Print the lines from the one containing "Thomas Bray tiszteletes" through the end of the listing below, exactly as written. Any pictures stay out.

→ DATA SECTION:
::::
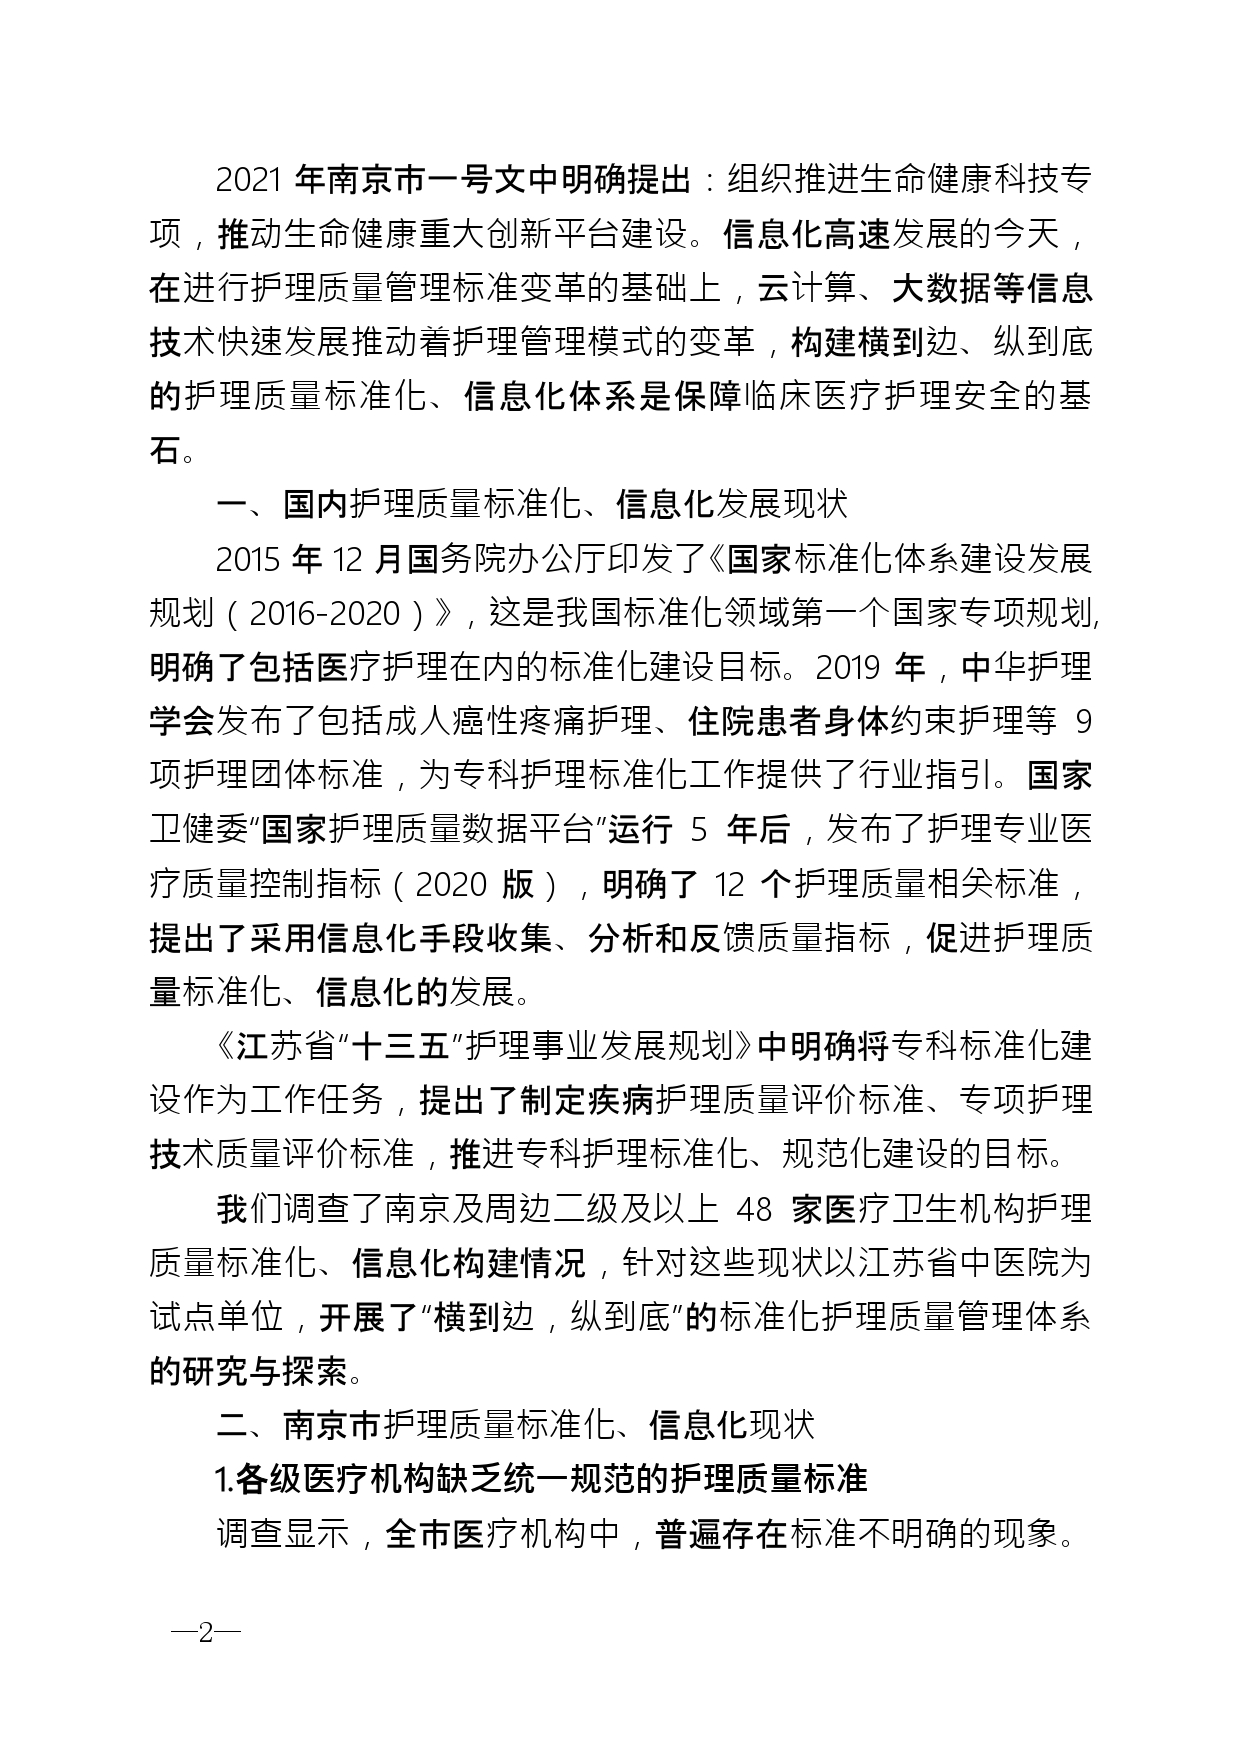 2021年第2期（关于构建南京地区护理体系的建议）_page-0002.jpg
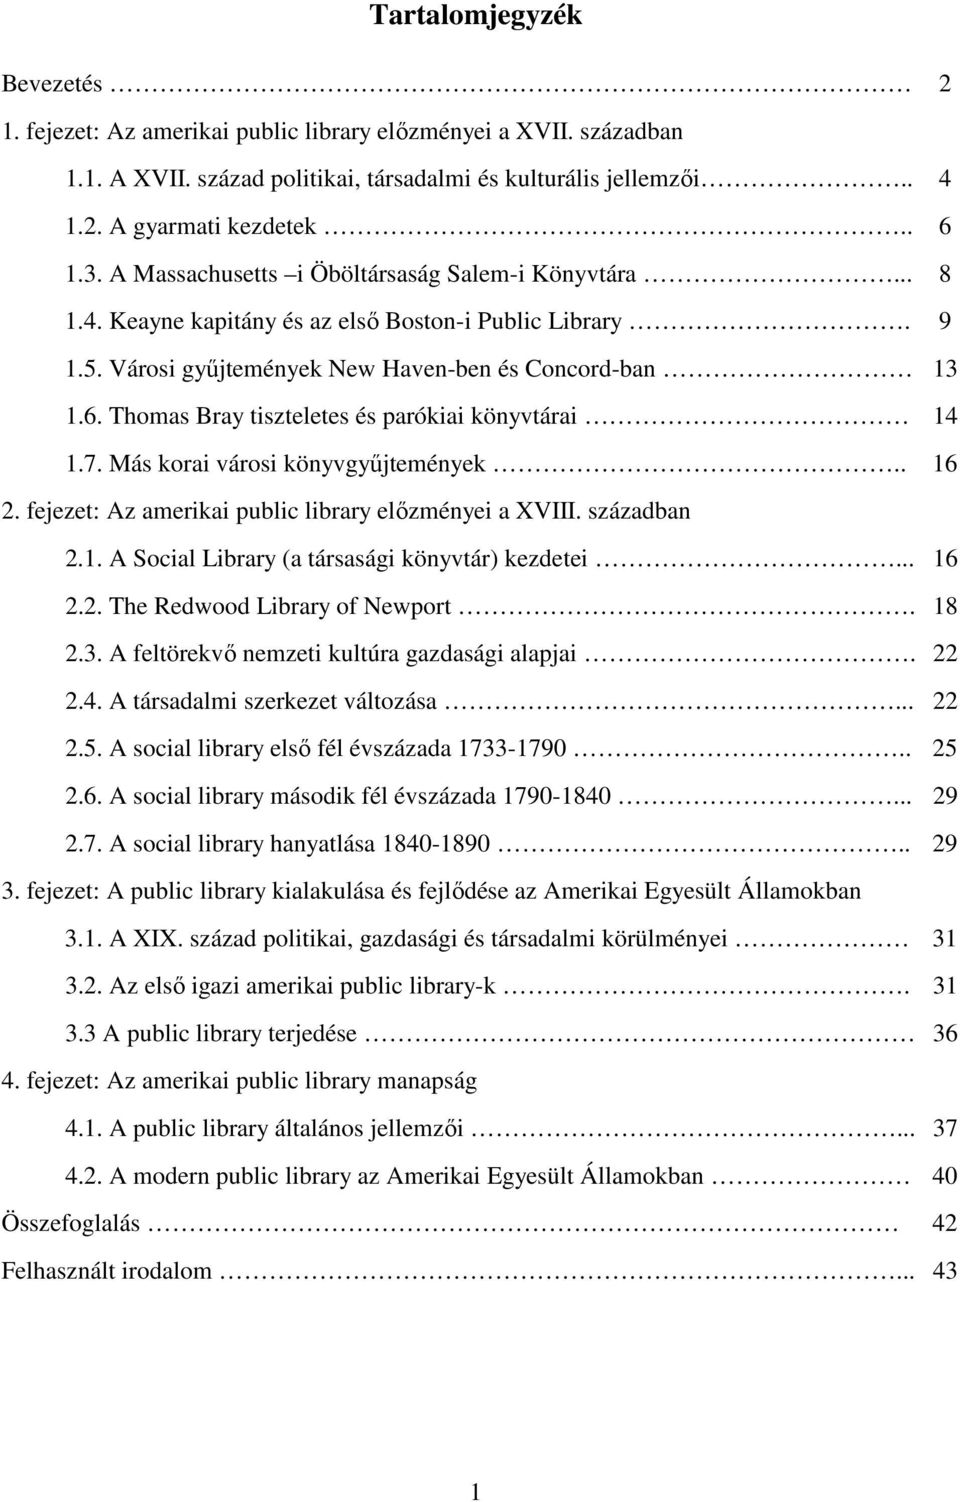 Thomas Bray tiszteletes és parókiai könyvtárai 14 1.7. Más korai városi könyvgyőjtemények.. 16 2. fejezet: Az amerikai public library elızményei a XVIII. században 2.1. A Social Library (a társasági könyvtár) kezdetei.
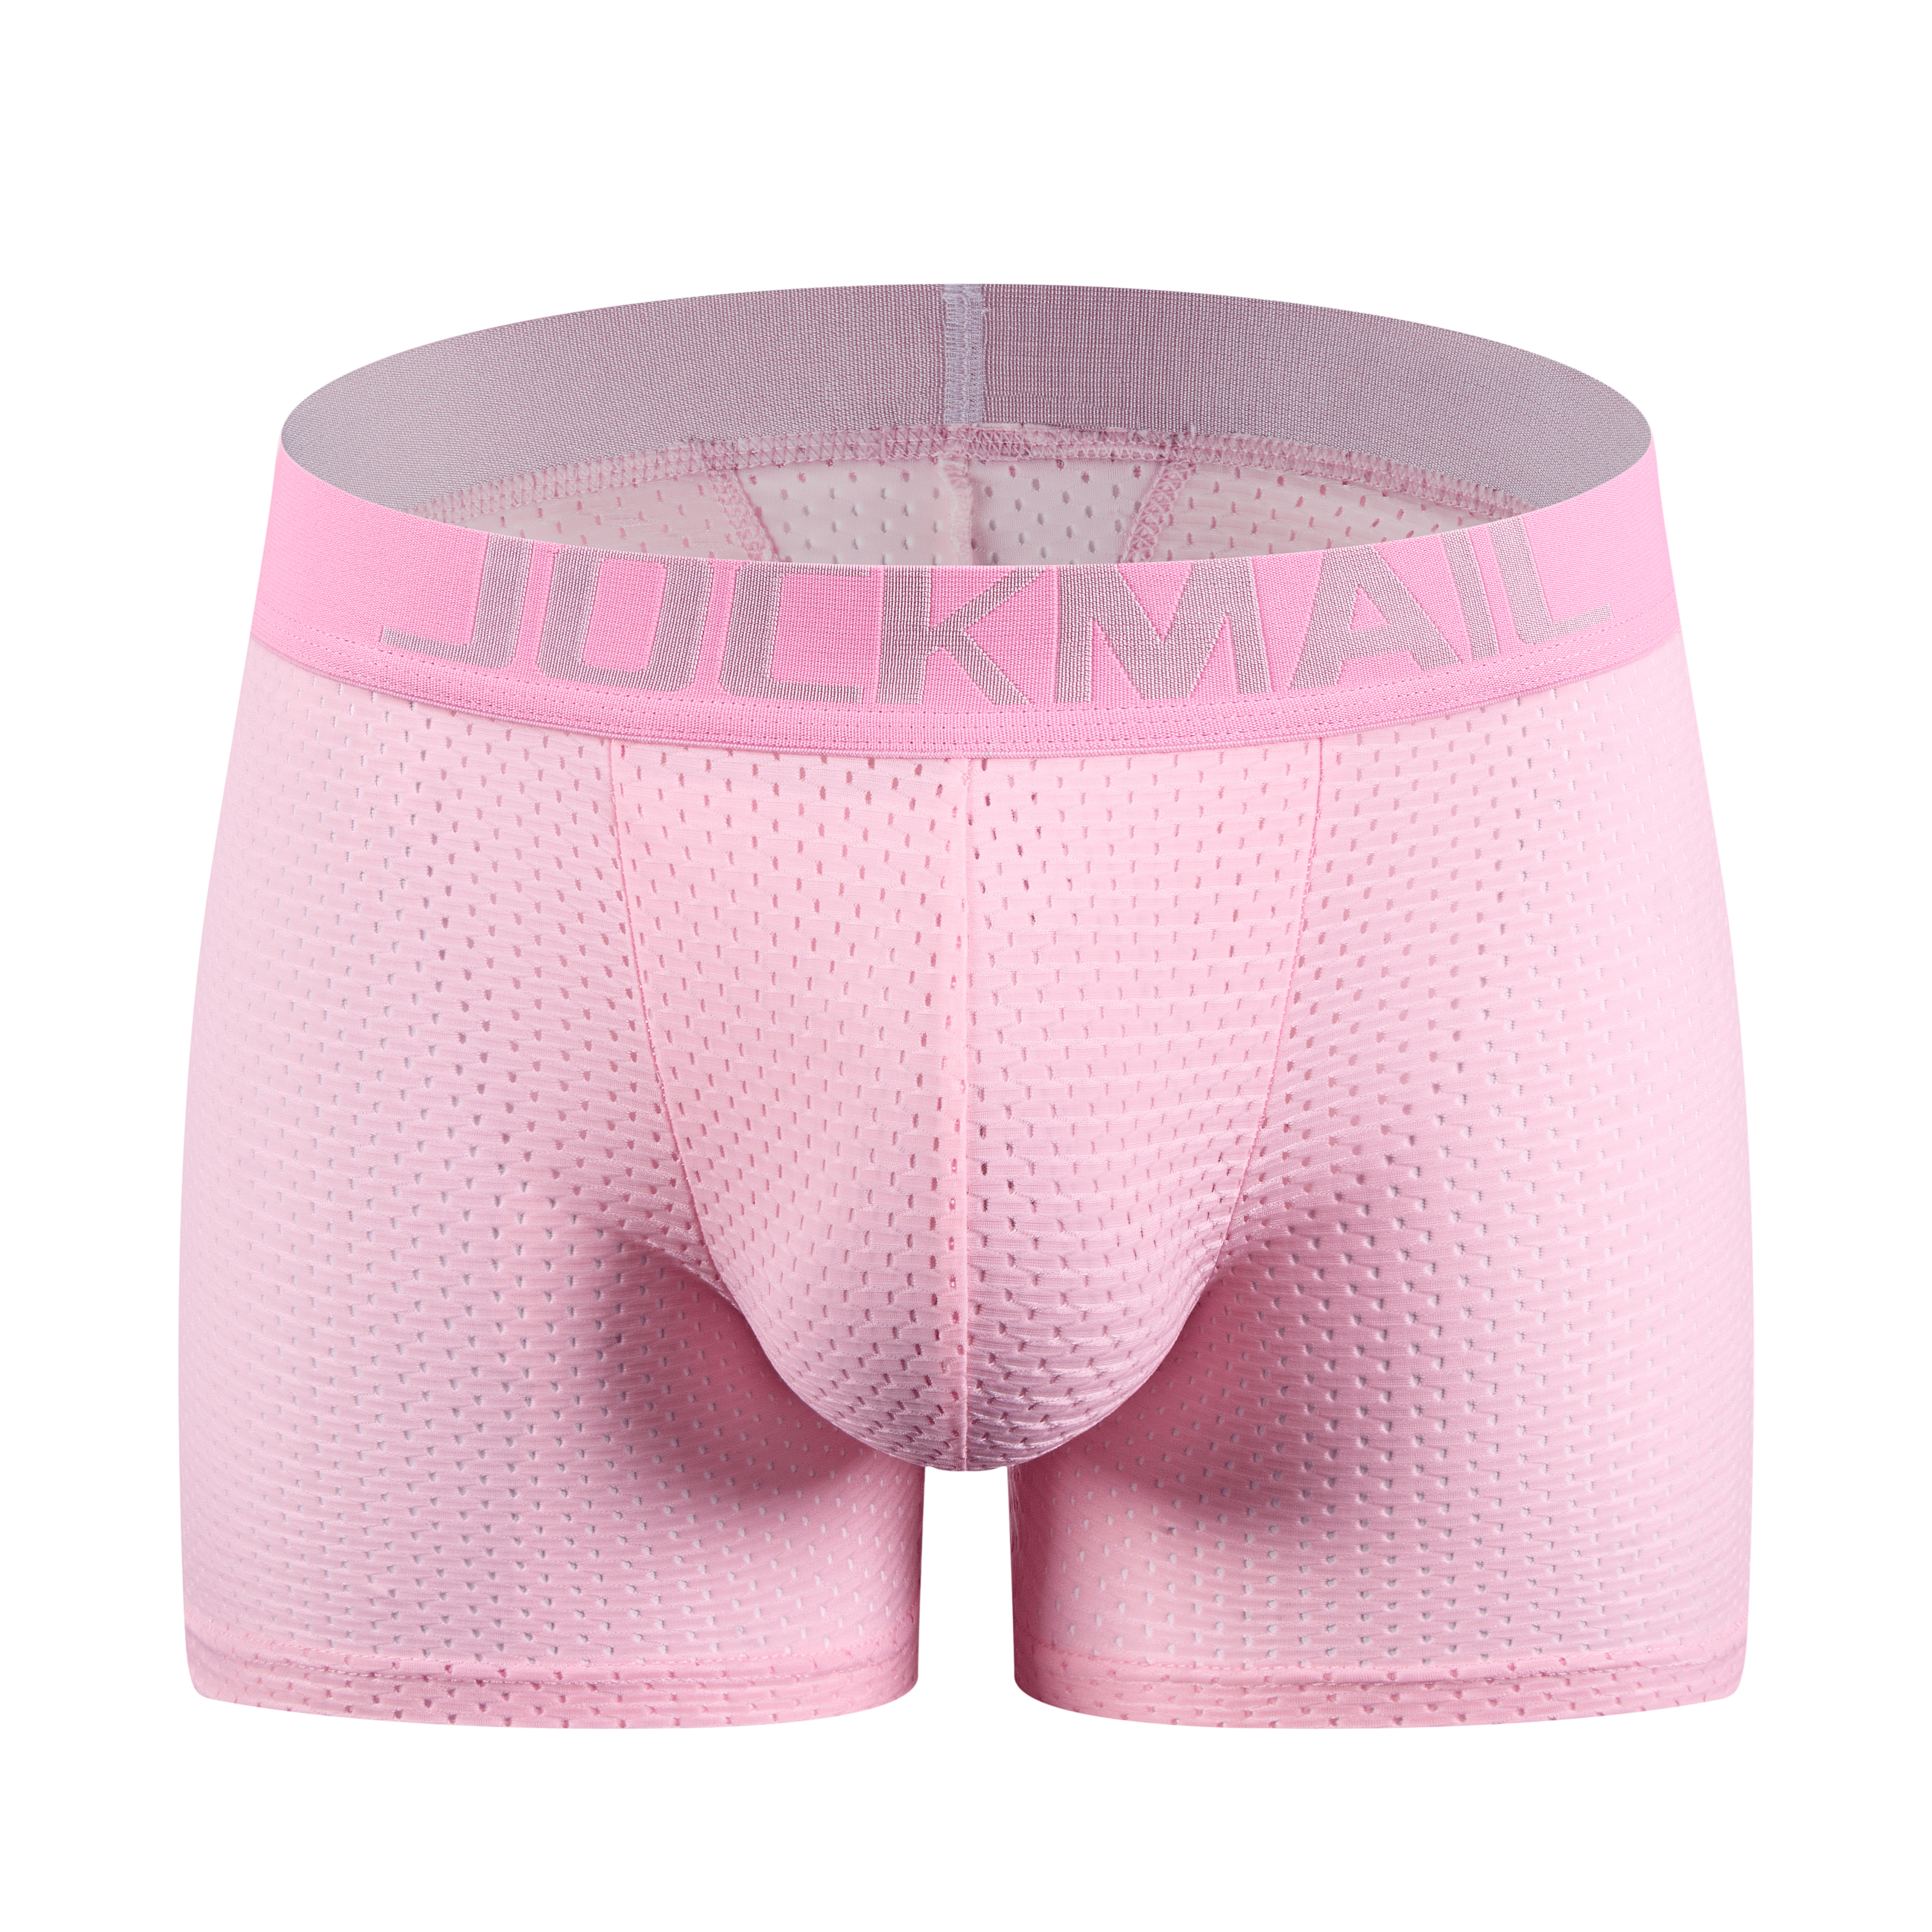 JOCKMAIL Men's Padded Butt Enhancing Underwear Men's Fitted Butt Lifter  Brief Removable Contour Pads Butt Enhancement
::::
→ TASK ANSWER:
 Thomas Bray tiszteletes és parókiai könyvtárai 14 1.7. Más korai városi könyvgyőjtemények.. 16 2. fejezet: Az amerikai public library elızményei a XVIII. században 2.1. A Social Library (a társasági könyvtár) kezdetei.
 JOCKMAIL Men's Padded Butt Enhancing Underwear Men's Fitted Butt Lifter  Brief Removable Contour Pads Butt Enhancement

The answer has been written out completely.